Table 2 |.
Systems analyses and insights into the biology of hPSC-CMs
| Level | Key findings to date | Future questions |
|---|---|---|
| Genome | Genetic variations influence hPSC phenotypes | What is the contribution of genetic variation to cardiomyocyte maturation in hPSC applications? |
| Epigenome | Dynamic changes in histone modifications and DNA methylation across development and identification of regulation of maturation by panels of microRNAs | How does the epigenetic state contribute to the maturity and/or immaturity of hPSC-CMs? |
| Transcriptome | Embryonic-like state of hPSC-CMs and identification of dysregulated genes in immature hPSC-CMs | Do changes at the RNA level reflect differences in protein expression and/or cell function? What limits maturation in vitro?
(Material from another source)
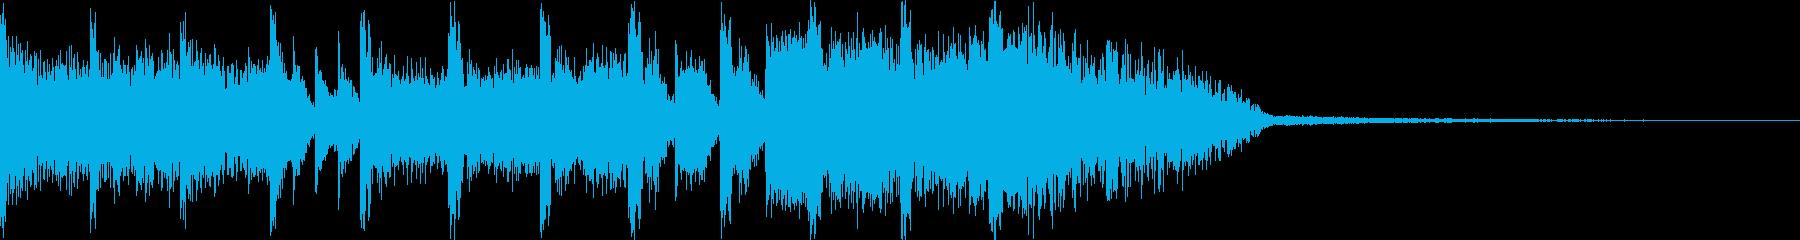 EDMジングル サウンドステッカーですの再生済みの波形

Are differentially expressed genes necessary and sufficient for maturation? |
| Proteome | Fetal-like state of hPSC-CM | How do the various maturation approaches influence expressed proteins and post-translational states? |
| Metabolome | Identification of lipid biomarkers and flux of carbon sources, and discovering how the carbon source contributes to ATP production and nucleotide biosynthesis | How do metabolites influence the functional state of hPSC-CMs (such as contractility and electrophysiology)? |
| Environment | Contributions of substrate, co-culture with other cell types and cell density to maturation; role of integrin and microRNA signalling | How do interactions between cells and/or 3D cues mediate maturation? What are the key paracrine or other environmental factors? |
| Organ | hPSC-CMs induce remuscularization of infarcted myocardium and restoration of function after infarct but engrafted cells are arrhythmogenic | How can we balance efficacy and benefits with risks of the immature state of hPSC-CMs for cell therapy? What is the optimal maturity phenotype for cell-replacement strategies? |
hPSC-CM, human pluripotent stem cell-derived cardiomyocyte.